## Try it
Extract the whole listing as it stands. Do not include the pictures.

## Data excerpt
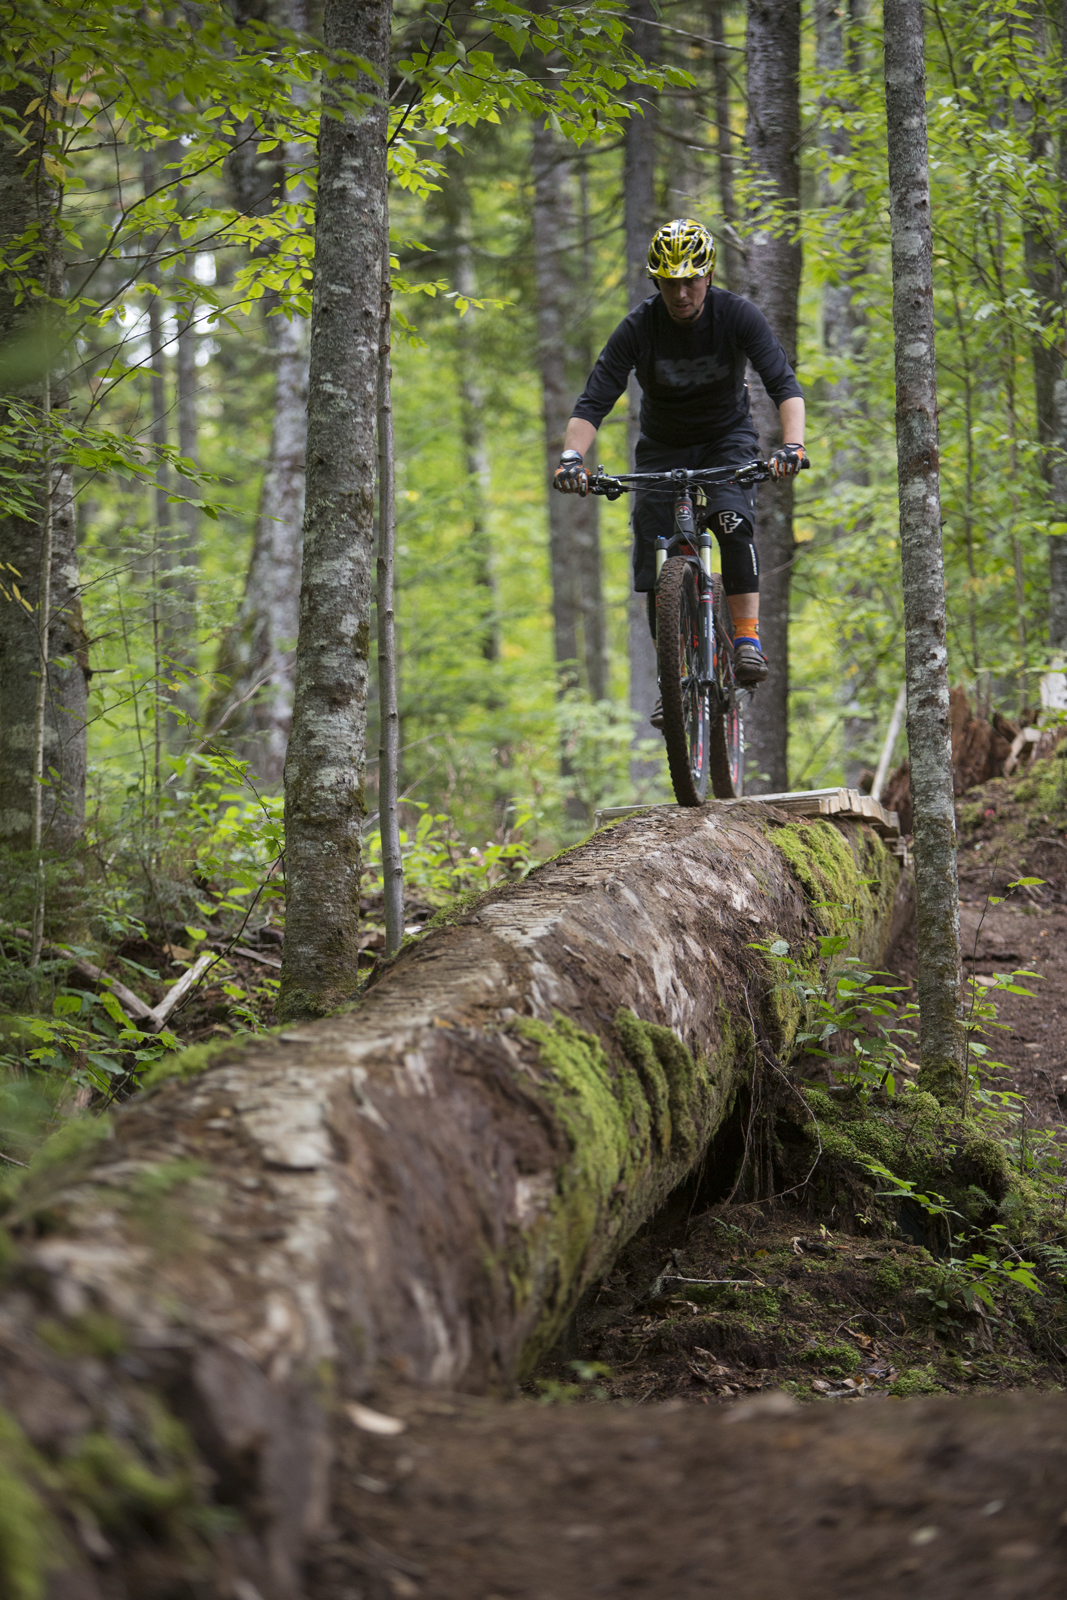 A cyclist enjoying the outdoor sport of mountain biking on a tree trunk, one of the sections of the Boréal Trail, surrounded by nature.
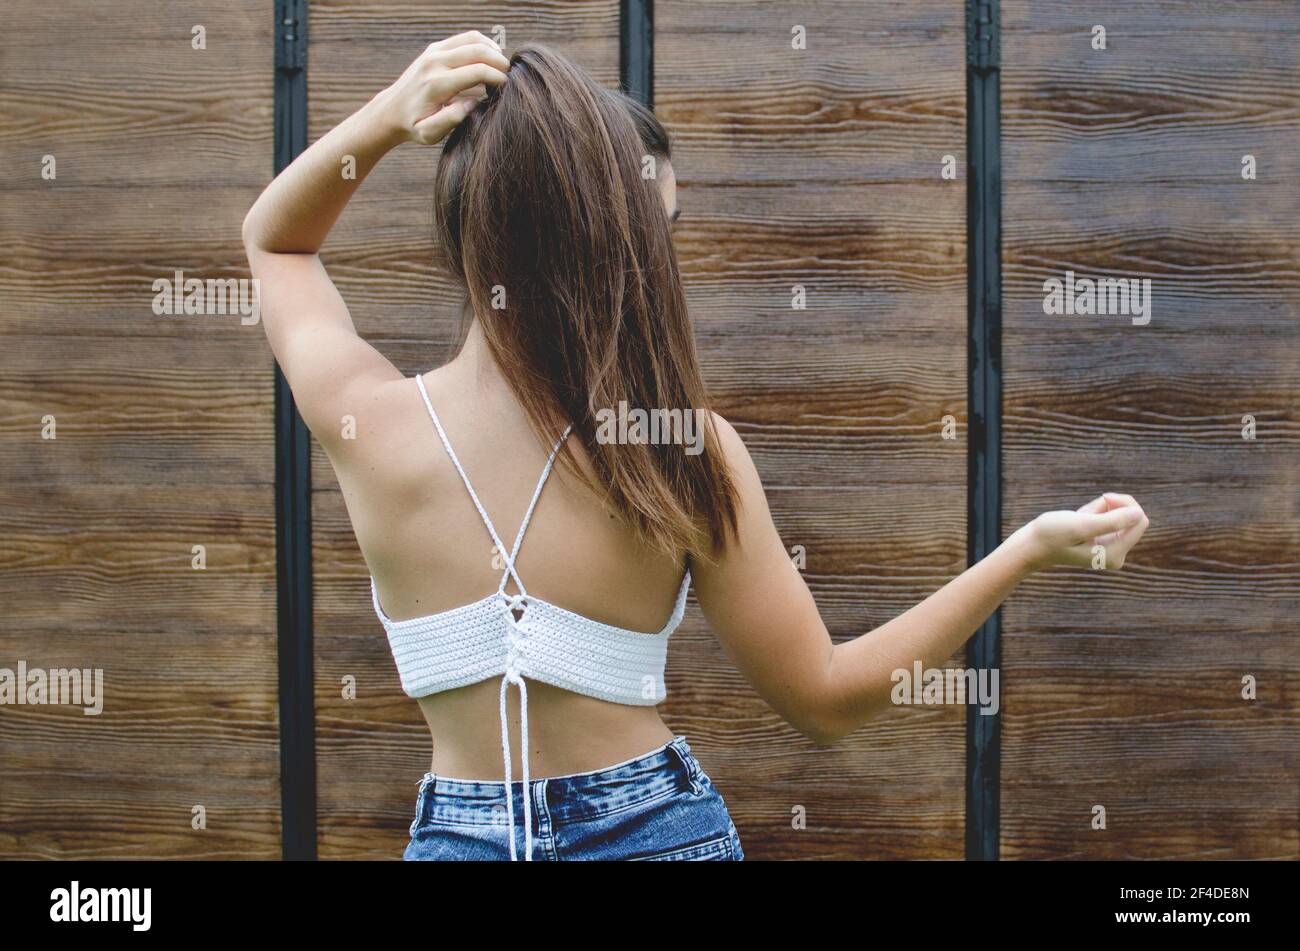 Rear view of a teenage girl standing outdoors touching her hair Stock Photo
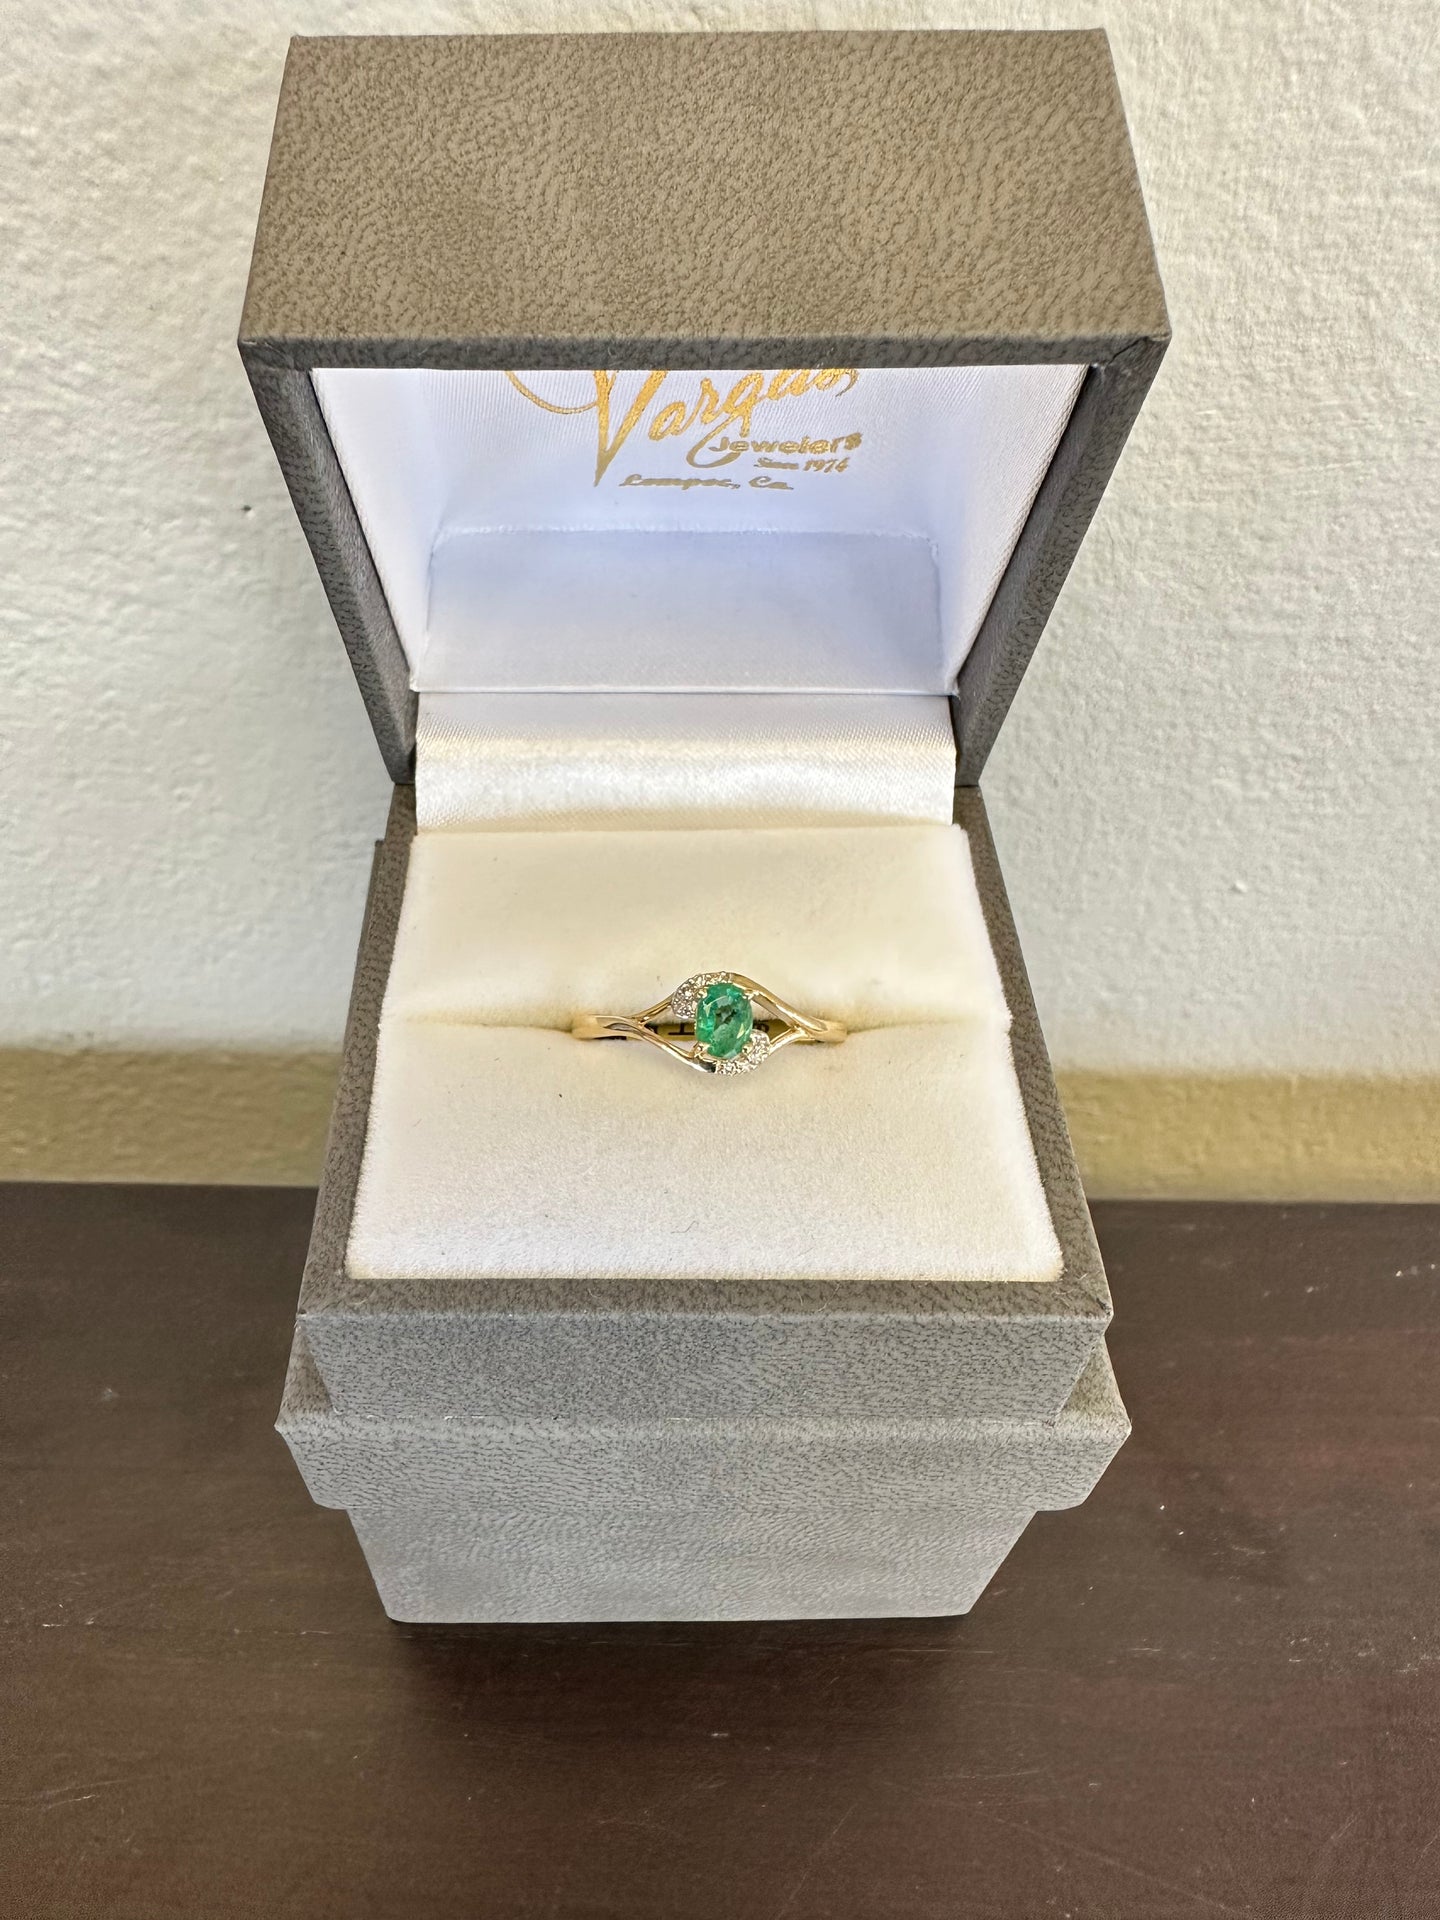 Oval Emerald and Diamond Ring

## Answer section
 A cyclist enjoying the outdoor sport of mountain biking on a tree trunk, one of the sections of the Boréal Trail, surrounded by nature.
 Rear view of a teenage girl standing outdoors touching her hair Stock Photo
 Oval Emerald and Diamond Ring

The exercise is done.